It should go without saying that a comprehensive information security strategy needs to be a critical part of any bank’s operations. Particularly in the current time, when criminal actors are becoming more sophisticated than ever in their attack patterns, it is incumbent on any financial institution to make sure its systems are well-defended and able to cope with the ever-evolving strategies used by hackers.
But are you sure your bank is truly able to meet the demands of today’s landscape? A new report from Accenture has suggested that for many banks, confidence in their defenses is high. However, this faith may not always be justified.
Banks satisfied in their plans
The report, entitled Building Confidence: Solving Banking’s Cybersecurity Conundrum, revealed more than three-quarters of executives (78 percent) expressed confidence in their strategy, while more than half expressed high levels of satisfaction in their ability to identify the cause of a breach, measure the impact of such an incident and manage the financial risk to their company.
On the face of it, this can be seen as good news for the industry, as it suggests banks are aware of the risks they face and have a good understanding of what needs to be done in order to counter the threat of criminals.
But as the nature of threats is continually evolving, could this confidence actually be complacency? Accenture warned that in many cases, the effectiveness of banks’ cyber defences may not be fully known, with the consultancy firm highlighting a lack of real-world testing as an issue that needs to be addressed by the industry.
Shortages remain in skills, testing
The report warned that many organisations do not have a comprehensive strategy for testing their defenses, which may mean there are gaps in banks’ solutions they are unaware of. Accenture found, for example, that banks are subjected to an average of 85 serious cyber breaches every year – aside from the daily phishing and malware attacks that all companies have to deal with. The recent WannaCry malware event highlights how all it can take is one successful phishing attempt to cause huge amounts of chaos.
Of these serious incidents, more than a third (36 percent) successfully obtained information from the target. What’s more, almost six out of ten banks (59 percent) admitted it took them several months to even detect that a breach had occurred.
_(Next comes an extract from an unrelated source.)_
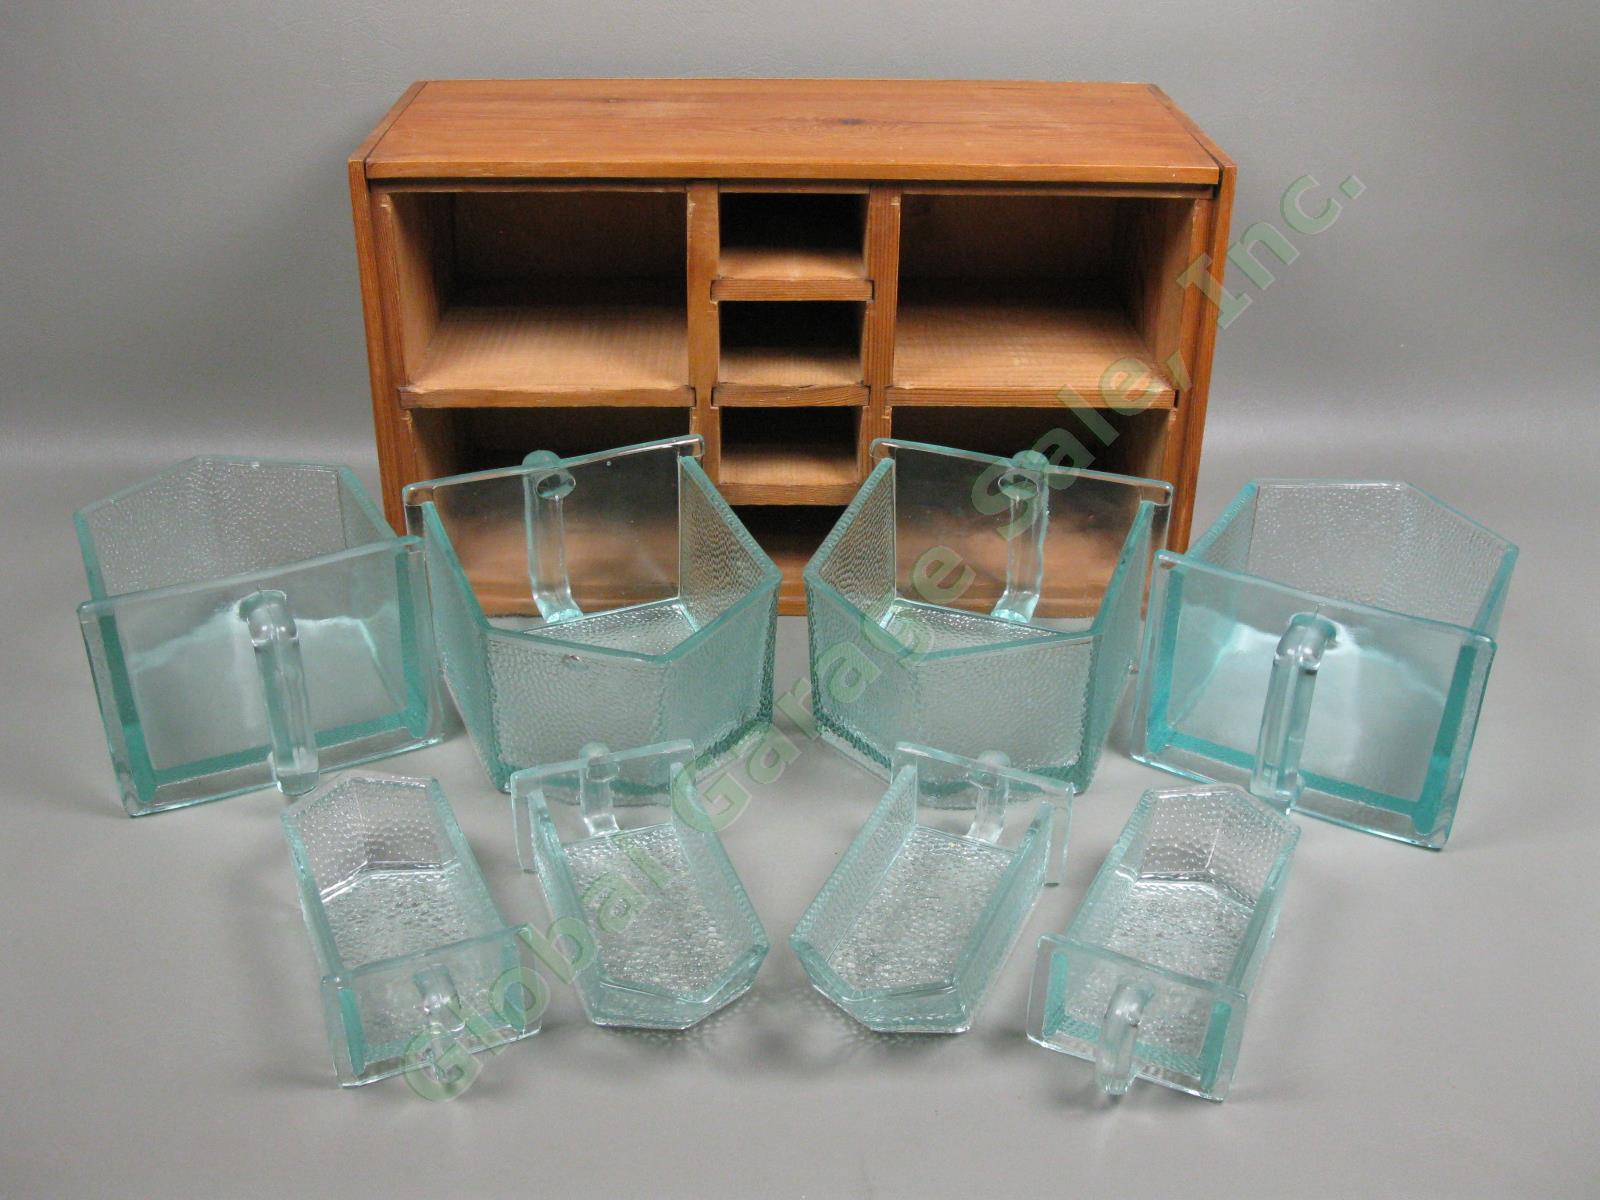 Vintage Hoosier Wooden Spice/Apothecary Cabinet Cupboard + 8 Glass Scoop Drawers

This may indicate that many executives’ confidence in their cyber defenses may be misplaced. The fact so many breaches went undetected for so long highlights the importance of an effective testing regime that can plot any weaknesses in areas such as breach detection.
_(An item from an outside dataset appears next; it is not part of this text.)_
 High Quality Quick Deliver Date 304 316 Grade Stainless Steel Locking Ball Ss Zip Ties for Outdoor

Banks may also need to do more to ensure they have the right personnel on hand to manage these activities, as Accenture’s’ study found several areas where financial institutions currently have significant skill shortages, including endpoint/network security (61 percent), incident response and vulnerability management (both 53 percent).
Employees are the key
Banks therefore need to educate their staff at all levels of the organization, both in terms of ensuring they’re able to spot activities such as phishing attempts, and to provide them with the skills they need to help defend their organization from both internal and external threats.
Chris Thompson, senior managing director and head of financial services cybersecurity and resilience at Accenture Security, said that traditional approaches that prioritized building “higher, more secure walls” may often be detrimental to banks’ internal capabilities. “While defending the perimeter is crucial, it’s often the people inside the walls that present the biggest risk, but also the biggest weapon in the fight for resiliency,” he continued.